Health Policy$ense

Optimal Regulation of Medical Devices

Economists find FDA is doing it right

There’s no shortage of opinions about whether the FDA’s process of approving medical devices is too lax, too strict, or just right.  After all, there’s a lot at stake, both for patients and for the $110 billion market for medical devices in the U.S. But evidence, one way or another, has been sorely lacking.  A study by LDI Senior Fellows Matthew Grennan and Robert Town goes a long way toward filling that gap.

The investigators take advantage of differences between the European Union (EU) approval process and our own to quantify the tradeoffs between access and safety concerns. Basically, the US applies a “safe and effective” standard while the EU only certifies the safety of the product. Meeting the “effectiveness” standard often requires large-scale, costly clinical trials. Thus, many medical devices are approved for use in the EU before they are approved in the US (if at all).

In an analysis of the market for coronary stents, Grennan and Town conclude that the more rigorous standards in the US compare favorably with the looser standards of the European Union (EU), and that the current FDA process is close to optimal in terms of patient welfare. Considered in isolation, the EU would benefit from premarket clinical trials that last six months longer than current requirements.  However, because the EU is able to “free-ride” off of the information generated in US trials, the current EU policy represents the optimal response to current US policy.

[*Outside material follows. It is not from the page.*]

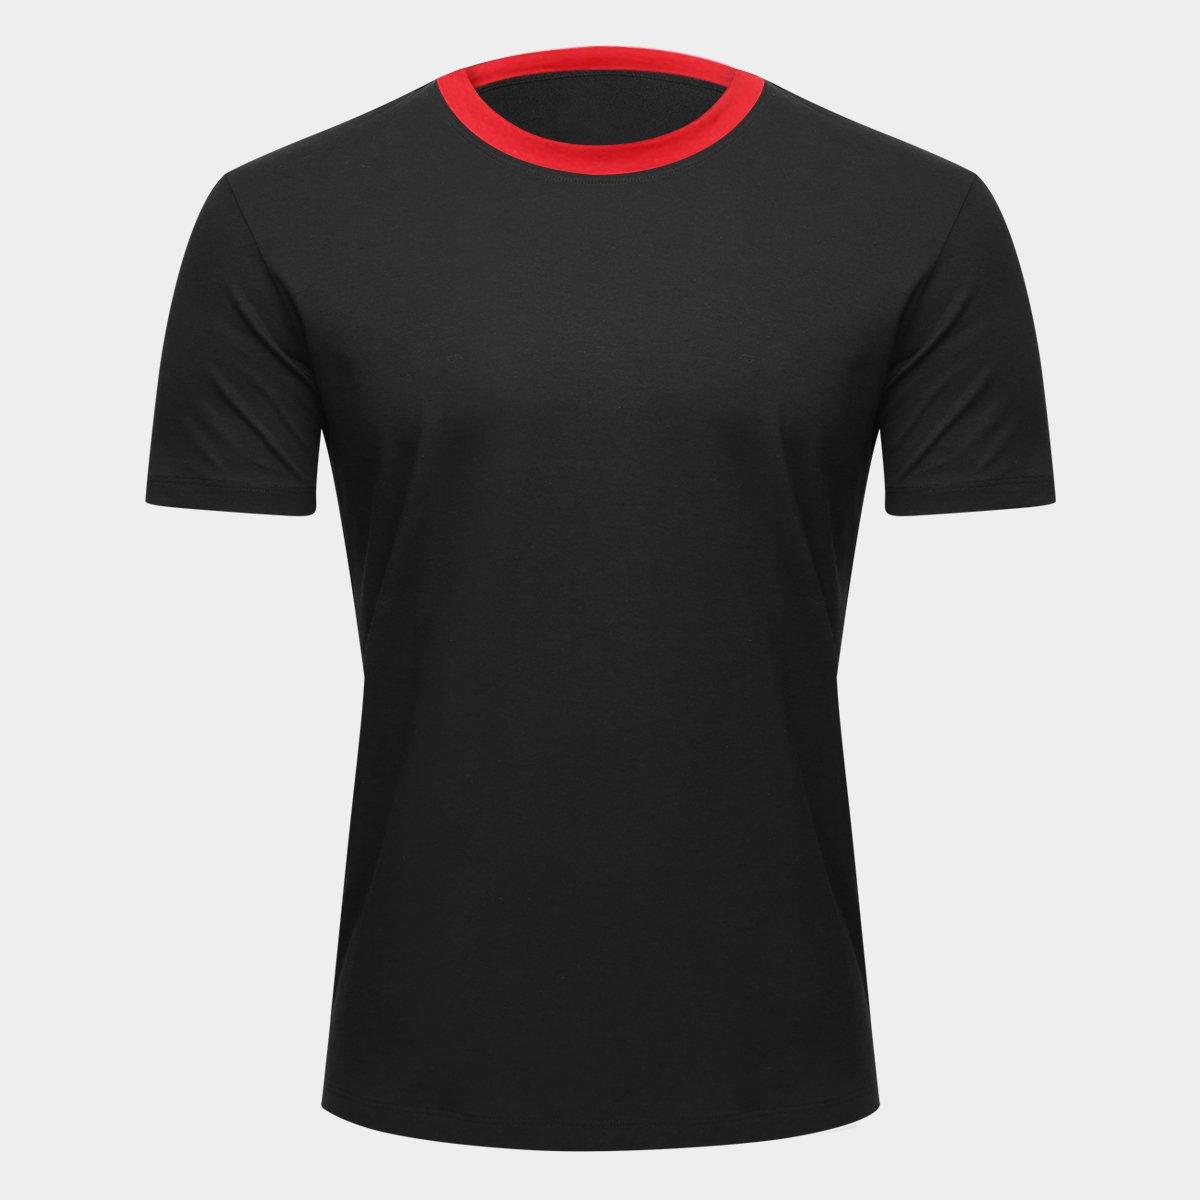 a4837a6e4fd Camiseta Adidas Blank Masculina - Preto e Vermelho - Compre Agora ...
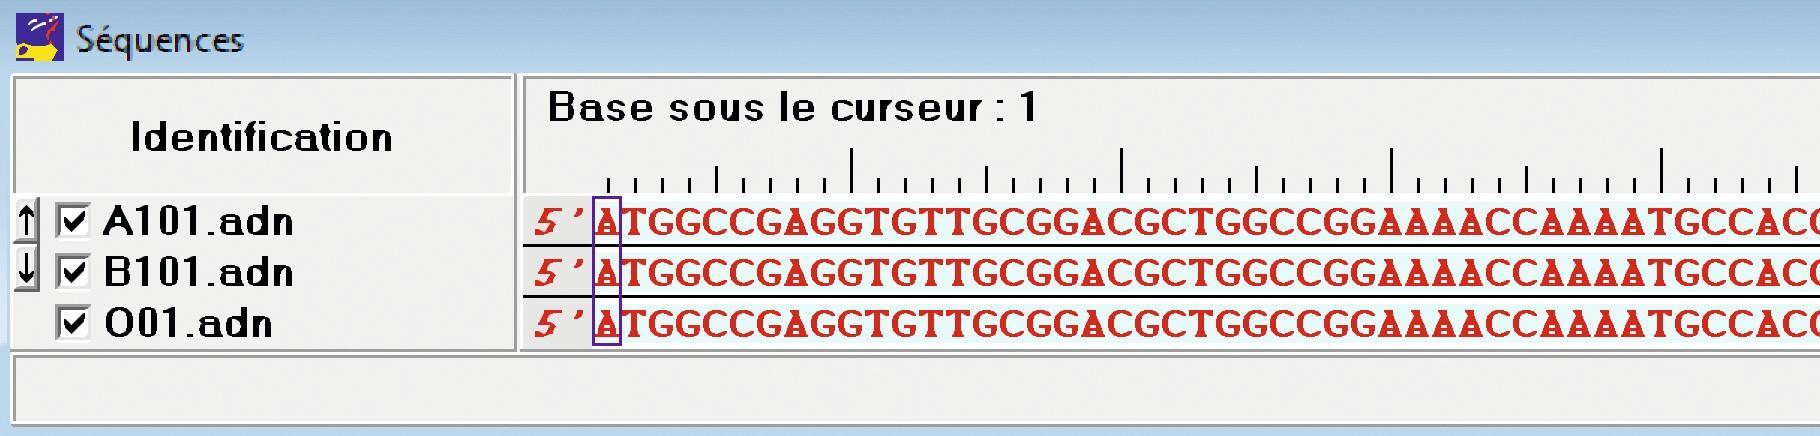 Tableau de comparaison des séquences nucléotidiques des allèles A, B, O.

Town and Grennan used market quantity and price data from the EU and US to estimate the length of approval that would optimize patient welfare.  In the absence of actual data on outcomes, they inferred quality by modeling how consumer choice behavior (as indicated by the device’s market share) changes as more becomes known about the product. Their model allows them to estimate the rate of “learning” in pre-market clinical trials and after the product enters the market.  As “learning” increases, consumer uncertainty about risk is reduced, and market share is increased. As Town explains to Knowledge@Wharton (video clip follows),

[W]e compared the devices that were common in both markets, and how their market shares evolved over time. And finally, we compared that to devices that were only offered in the EU. There are typically many more devices available for any purpose in the EU, since that market is much easier to enter. We used that information to make inferences about the information that was being generated by the regulatory process, and then translate that into real consumer welfare.

Is the FDA Too Tough on Medical Device Makers?

 

Descriptively, the study finds that the EU has access to more, newer devices than does the US. Between 2004 and 2013, the EU had more than three times as many manufacturers and devices in the market. In an average month, 47% of the stents used in the EU were unavailable in the US. The average lag time for devices that eventually enter both markets is 10 months.

But that access comes along with greater risk and more uncertainty about quality, as measured by the average market share, which is lower earlier in the device’s life cycle in the EU than in the US.  The inclusive market share for a device in the EU reaches a stable level after about two years on the market; in contrast, the inclusive market share is stable over the product lifetime in the US.

The study also provides information about how the FDA process could be improved, by estimating what might happen if the US embraced calls for more active “post-market surveillance.” Currently, there is little observational learning that occurs after a device enters the market. If, however, the rate of learning post-market approached the level of learning pre-market, the gains could be as high as 19% over current practices.

Grennan and Town caution that their results apply to stents only, a second-generation device, and may not apply to the greater informational needs required for the introduction of first generation devices.  But their study adds to current public policy debates about how the FDA regulates drugs and devices.  For more detail on these public policy issues, see the Wharton Public Policy Initiative’s Issue Brief on the study.